Enough luck for your case to land in a room with more impartial and open jurors versus know-it-all personalities.
AdHugger.net: How important is the way you write your study case?
In our strategists’ community, we’ve shared a few impressions about the importance of case-writing. Most of us normally grade extra if we spot great storytelling skills, but this has to come on top of a campaign that proves its efficiency. Section 2 in the effectiveness brief – the one about insight and big idea – is the most permissive to a personal style, as it can accommodate sharp brand diagnosis, witty jokes or charming insights. Of course, other jurors have the freedom to prioritize whatever they feel is structural to a case. However, I find it odd to hear comments about cases that get below 50 points just because ’the case is better than the campaign’. What should writers do, then? Craft a slightly-above-average story, just to match the campaign? For average campaigns with good cases, we all have at least 2 sections where we can offer low scores, plus a feedback form.
I get that, sometimes, these comments may refer to cases where the team behind the campaign explicitly and repeatedly congratulate themselves in the ’results’ section, but that doesn’t mean case-writing should only be treated as functional paperwork.
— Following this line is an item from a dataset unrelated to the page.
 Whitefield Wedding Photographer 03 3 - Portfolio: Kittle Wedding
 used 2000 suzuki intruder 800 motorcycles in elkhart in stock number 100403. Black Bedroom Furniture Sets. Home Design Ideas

AdHugger.net: Have you seen good campaigns that failed to win due to a bad case study writing? Why?
Yes. Last-minute interventions of all kinds (the equivalent of ’make the logo bigger’ in the agency daily routine), which can turn a solid case into a post-rationalized intention. Lack of time. No grand narrative, but micro scenarios that don’t glue together.
Lastly, low scores go to vague, unconvincing cases that present 10% facts, hard data, evidence of effectiveness and 90% metaphors that scream “trust us, we were tremendously efficient”.